Baker Hughes: BHI Stock Just Can’t Shrug Low Oil Prices

Advertisement

Baker Hughes Incorporated (BHI) is one of the “Big Four” oil services companies in the world, alongside competitors Schlumberger (SLB), Halliburton (HAL) and Weatherford (WFT).

baker hughes bhi
Source: iStock
BHI operates in more than 80 countries, with its business divided into four geographical regions, as well as a separate division for industrial services. North America operations accounted for 49% of 2013 sales, the Middle East and Asia Pacific 18%, Europe/Russia/Africa 17%, Latin America 10% and Industrial Services 6%.

BHI’s oilfield operations are bifurcated into Drilling and Evaluation, and Completion and Production. Drilling and Evaluation products include drill bits, drilling services, wireline services and drilling and fluids while Completion and Production products include completion systems, wellbore intervention, intelligent production systems, artificial lifts, upstream chemicals and pressure pumping.

Industrial Services include downstream chemicals, process and pipeline services.

BHI: Earnings Summary

Baker Hughes’ fourth-quarter 2013 revenue increased 10% to $5.86 billion, helping push profits up 16% to $248 million. In North America, revenue increased 7.2%; that figure was 27% better in the Middle East and up 10% in the Europe/Russia/Africa region. Revenue for full-year 2013 was up 5% to $22.36 billion.

BHI’s first and second quarters saw continued strength, with revenue growth in the high single digits and earnings up a respective 23% and 47% year-over-year. However, while Baker Hughes saw third-quarter revenues climb 8% to $6.25 billion and profits improve nearly 10% to $375 million, BHI missed analyst estimates for both revenues and profits, which took a toll on BHI stock on Thursday before a significant rebound Friday.

BHI: Stock Analysis

The price of BHI stock has more to do with the price of oil and geopolitical risk than fundamental financial performance, as Baker’s performance has slipped below the S&P 500’s performance amid a fear that oil price drops will continue on weak economic news.

BHI Stock Price
Source: Yahoo Finance

Crude oil prices have tumbled from more than $100 a barrel to just over $80 in the past three months. Although I anticipate the BHI’s trend of increased revenue and earnings to continue, the market is anticipating that lower oil prices will stunt production and have a downward effect on the oil service company’s operations.

With a majority of BHI’s sales coming from the world’s hottest oil market — North America’s shale — I don’t see lower oil prices affecting BHI’s performance in the short to mid-term.

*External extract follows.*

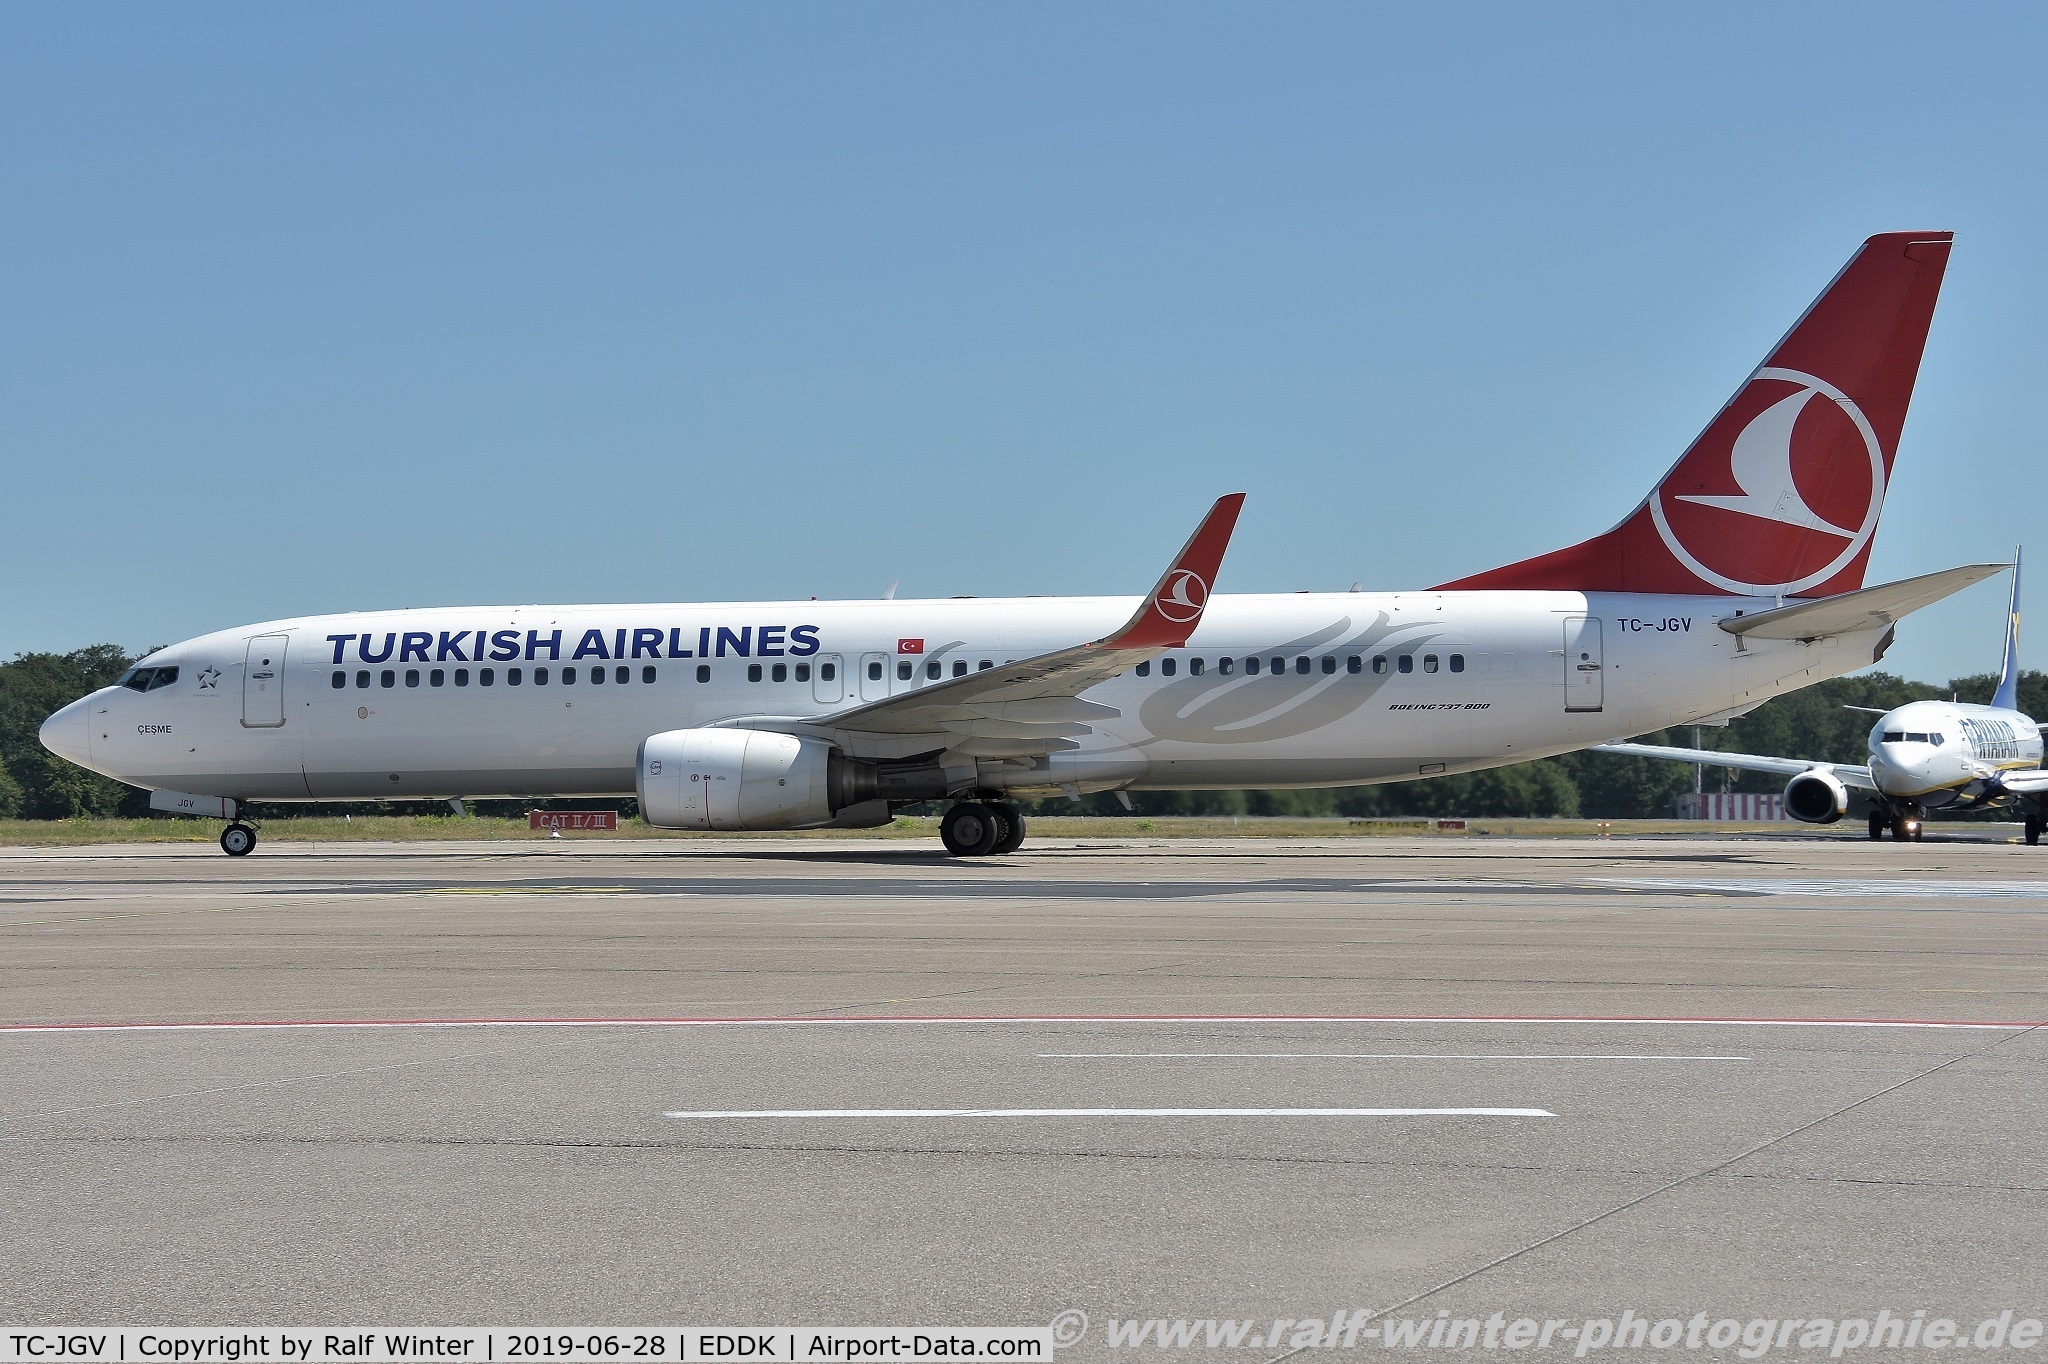 TC-JGV, 2006 Boeing 737-8F2 C/N 34419, Boeing 737-8F2 - TK THY Turkish Airlines 'Çe?me' - 34419 - TC-JGV - 28.06.2019 - CGN

The International Energy Agency recently announced that most shale oil production would remain profitable at $80 a barrel or higher.

BHI’s price-to-earnings ratio is a reasonable 18, compared to an industry average of 20.4. Moreover, BHI stock trades at a price/earnings-to-growth ratio of 0.4. An analyst 12-month consensus price target of more than $80 a share leaves plenty of room for stock price appreciation — about 50%, actually. Analyst momentum has turned markedly negative, though, with four recent downgrades. That should be taken into consideration.

BHI is a long-term buy, and a short-term hold. BHI has good earnings growth, good sales growth and bad stock performance, but with oil prices scraping the bottom of where unconventional drilling would be profitable, new investors should wait to buy until next year or global economic conditions start trending in a more positive direction.